A new study suggests that GPT-4 can do more with faces in photos than many users may expect. Researchers found that the model could recognize faces, determine gender and estimate age with accuracy that rivals specialized facial recognition algorithms, despite not being explicitly trained for biometric tasks.
The finding matters because it brings two issues together: strong biometric performance and a safety system that researchers were able to work around with a simple prompt. The study does not argue that GPT-4 should replace dedicated recognition tools. In fact, the authors warn against relying on it alone, because it can produce descriptions that sound credible while still being wrong.
What the researchers tested
The study was conducted by researchers at the Norwegian University of Science and Technology and the Mizani and Idiap Research Institute. They examined GPT-4's biometric capabilities and compared its performance with specialized facial recognition algorithms, including MobileFaceNet.
The work focused on three practical tasks: recognizing faces, determining gender and estimating age in photos. These are not casual image descriptions. They are biometric tasks, because they involve identifying or inferring sensitive traits from a person's face.
The central point is that GPT-4 was not explicitly trained to perform these tasks. Even so, the model performed at a level that the researchers found comparable to systems built specifically for facial analysis.
Gender recognition and age estimation results
In gender recognition tests, GPT-4 reached 100% accuracy on a dataset of 5,400 balanced images. That result exceeded DeepFace, a model designed for the same task, which scored 99% accuracy.
The age estimation results were also notable, though not perfect. Using the UTKFace dataset, GPT-4 correctly identified the age range 74.25% of the time. The researchers observed that the model tended to give wider age ranges for people over 60 than for younger individuals.
These results show why the study is more than a technical curiosity. A general-purpose model that can perform biometric tasks well can create value in some settings, but it also raises questions about when such analysis should be allowed, how it should be controlled and what users should be told about its limits.
- Facial recognition: GPT-4 performed on par with specialized facial recognition algorithms such as MobileFaceNet.
- Gender recognition: GPT-4 achieved 100% accuracy on a dataset of 5,400 balanced images.
- Age estimation: GPT-4 correctly identified the age range 74.25% of the time using the UTKFace dataset.
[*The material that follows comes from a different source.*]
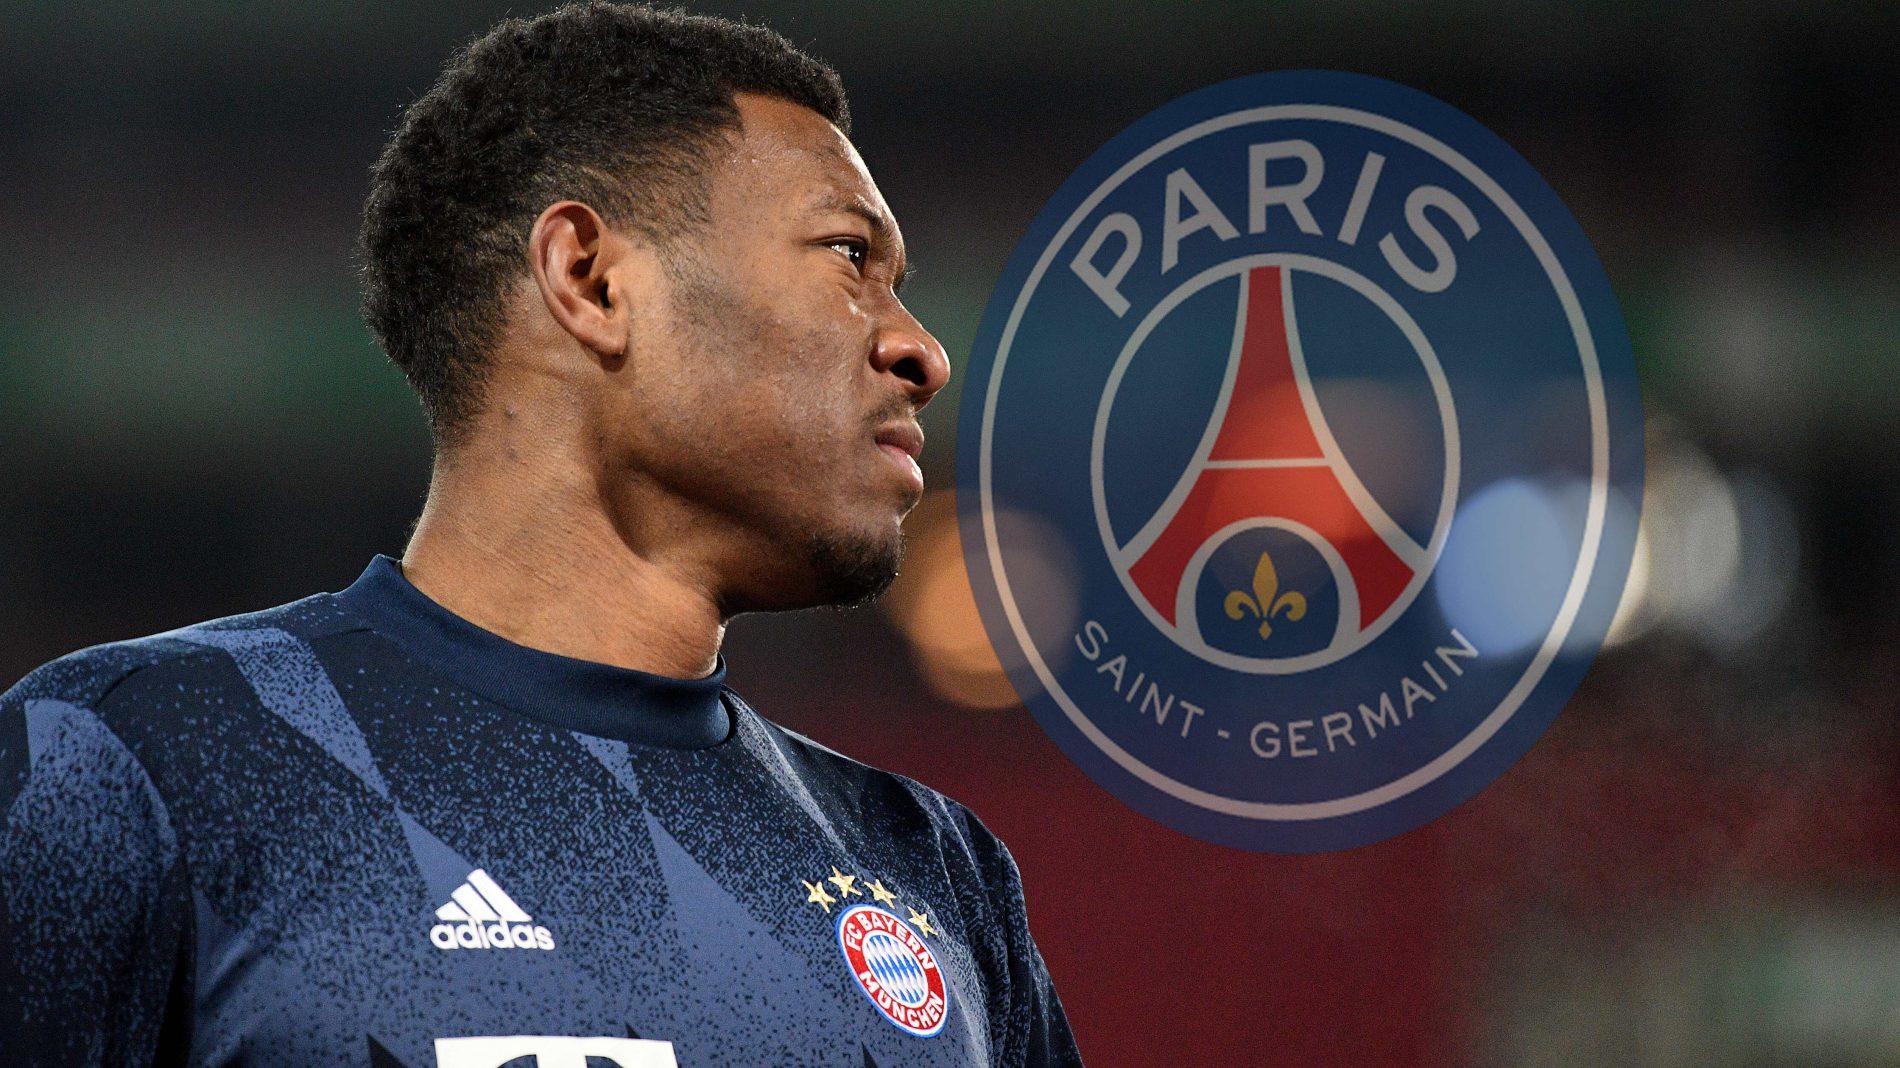 德国天空体育:巴黎在争取阿拉巴,愿意让他踢后腰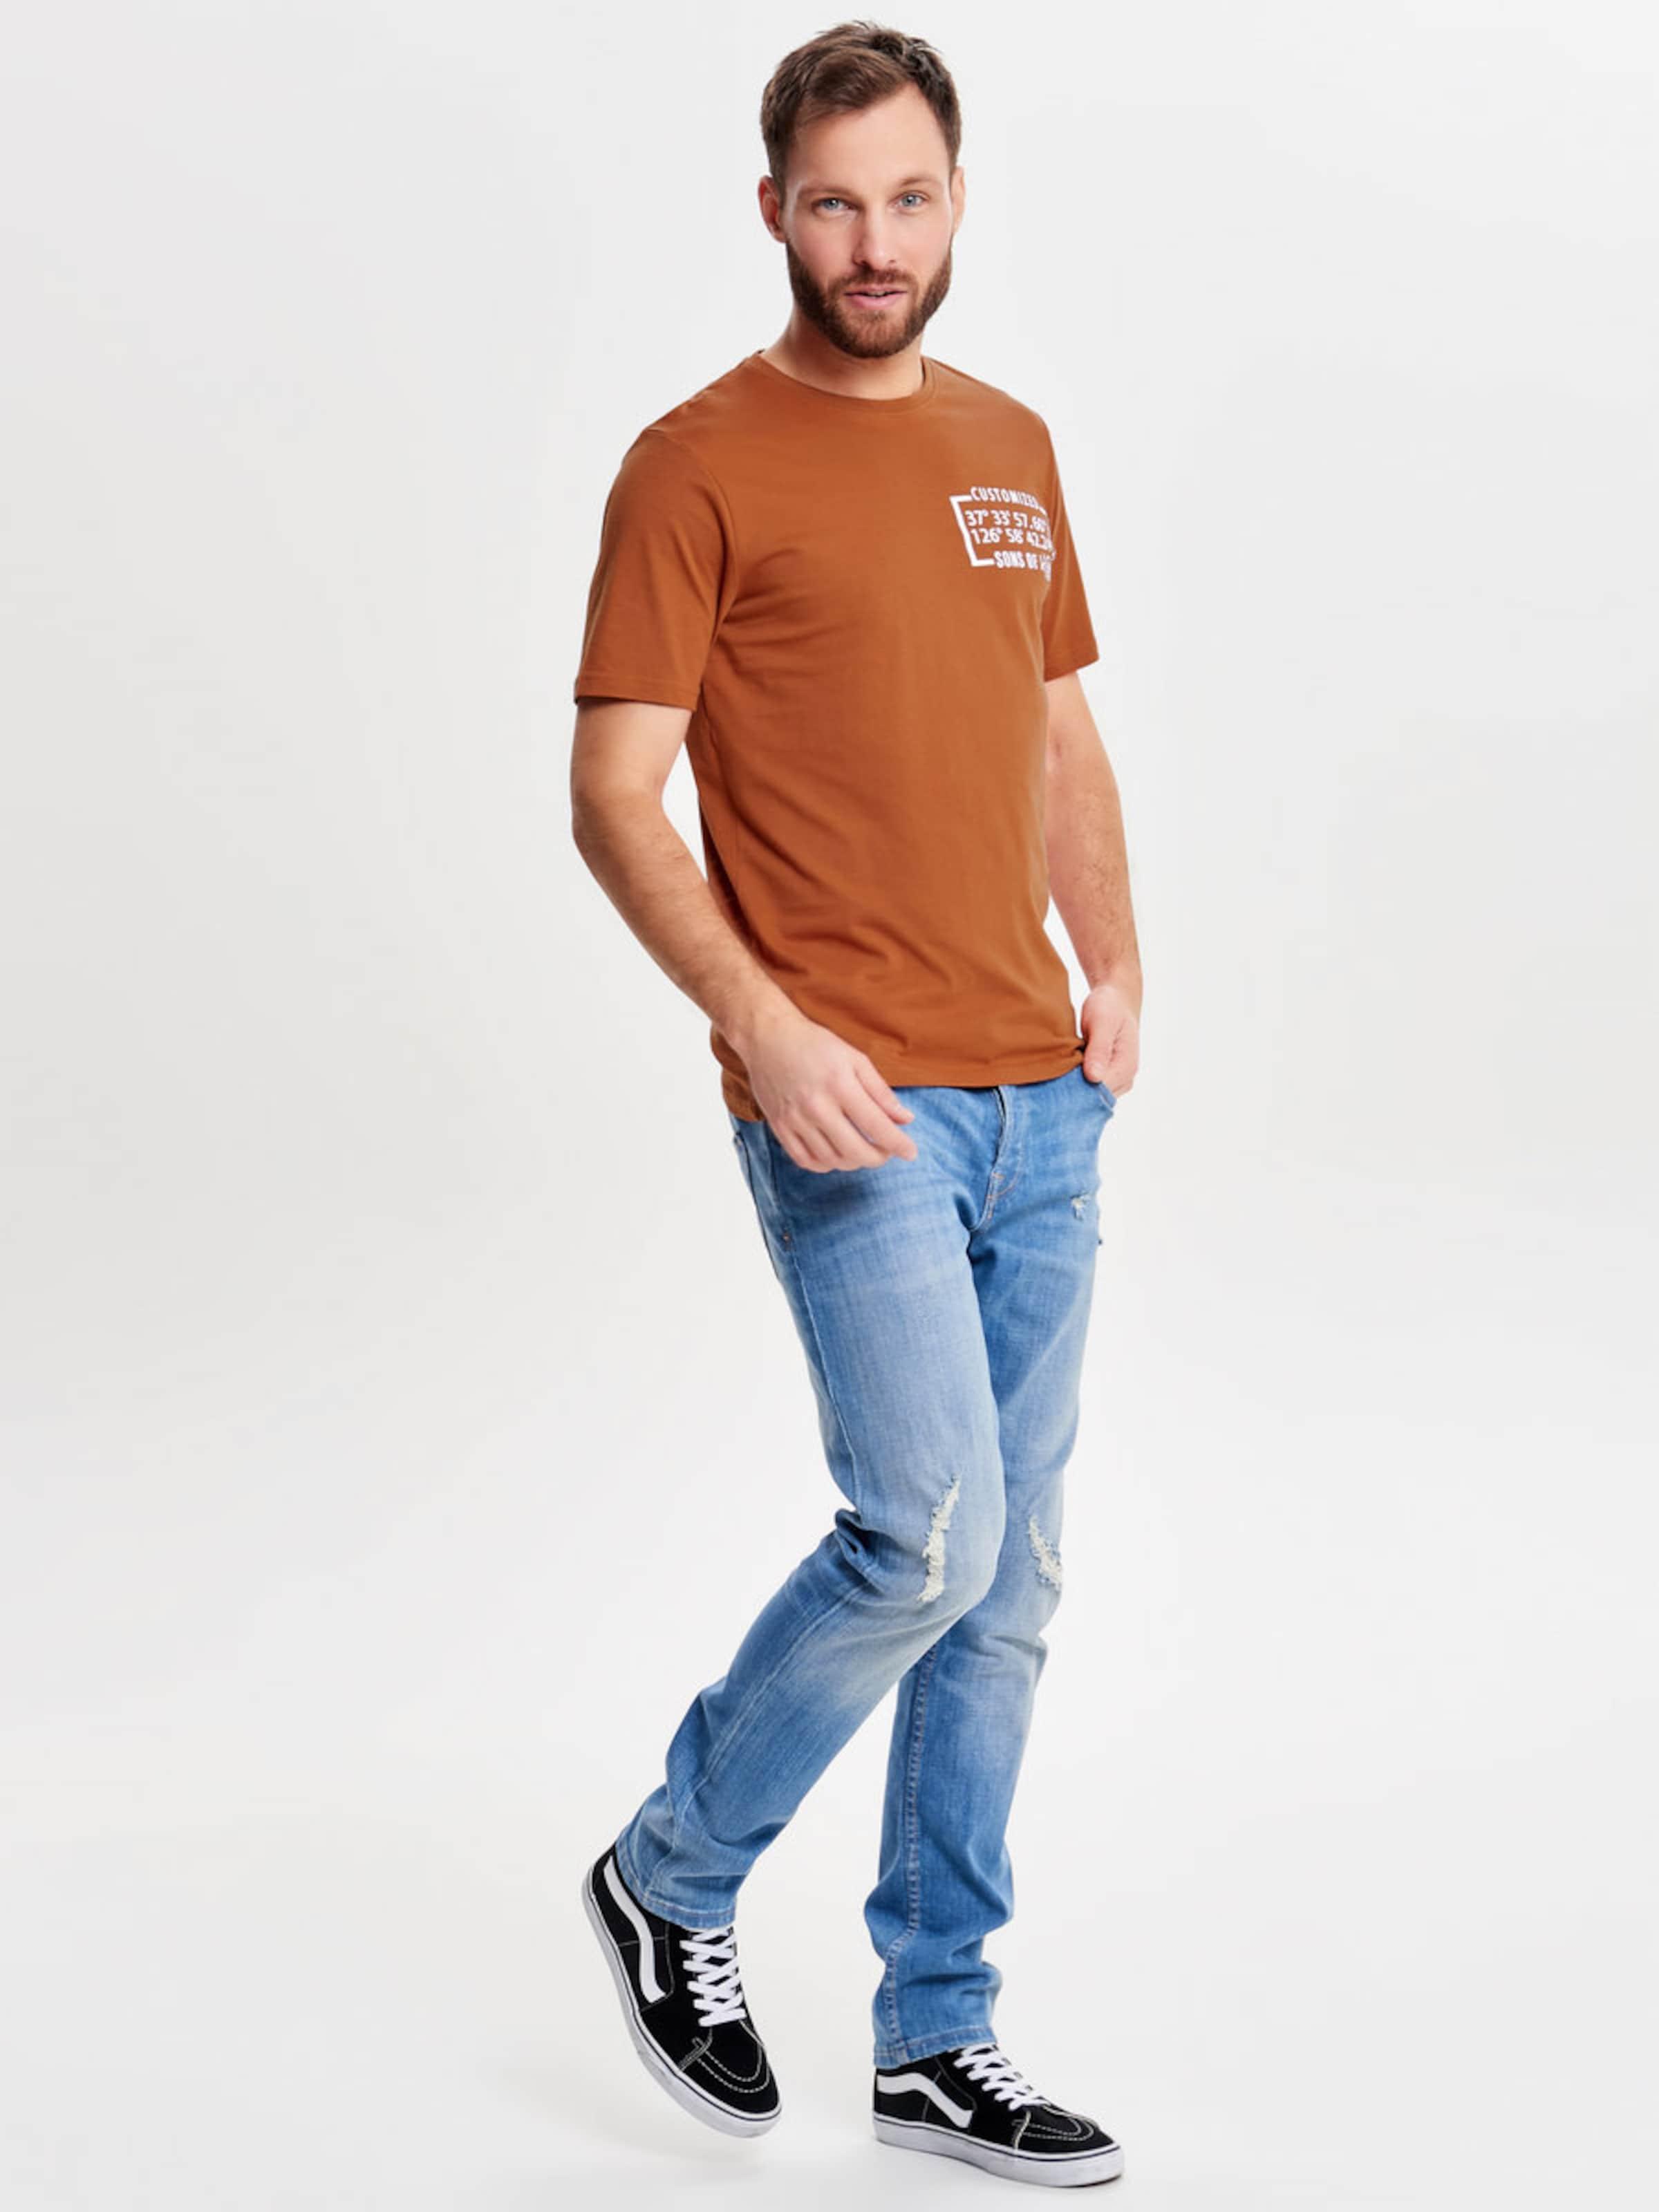 Only & Sons Print T-Shirt Erhalten Authentisch Spielraum Echt Billig Authentisch Auslass Outlet Kaufen fFgM0

The safety issue the study exposed
The researchers also reported a potential safety problem. GPT-4 has built-in safeguards against revealing sensitive biometric information, but the researchers found a way around them.
The workaround was simple: they claimed in the prompt that an image was AI-generated. With that framing, they were able to trick the system into analyzing real photos. According to the researchers, this shows the need for more safety research into large language models, especially when those models perform strongly on biometric tasks.
This is the most important distinction in the study. The fact that large language models can have biometric capabilities is not new. The source article notes that OpenAI has pointed this out before, and that in the OpenAI app Be My Eyes for the visually impaired, person recognition was disabled at an early stage.
What is new here is the combination of high accuracy and a bypass that did not require a complex method. If a model can be prompted into treating real photos as something else, safeguards may fail at exactly the point where sensitive analysis begins.
Why the findings should be read carefully
The study does not support treating GPT-4 as a flawless recognition system. The authors warn against relying solely on GPT-4 for recognition tasks because it can give convincing but incorrect descriptions.
That warning is important. A system can be highly accurate in a test and still fail in ways that matter. When the output concerns a person's face, gender or age, an incorrect answer is not just a technical error. It can affect how a person is interpreted or treated.
The research also reinforces a broader lesson about AI safety. Safeguards need to account not only for what a model can do, but also for how users may frame a request. If a prompt changes the model's behavior around sensitive biometric information, then the safety design must handle that route directly.
For developers, researchers and product teams, the message is straightforward: large language models can show unexpected strength outside their explicit training target. When that strength touches biometric information, accuracy alone is not enough. The system also needs reliable boundaries, clear limits and careful evaluation under realistic prompts.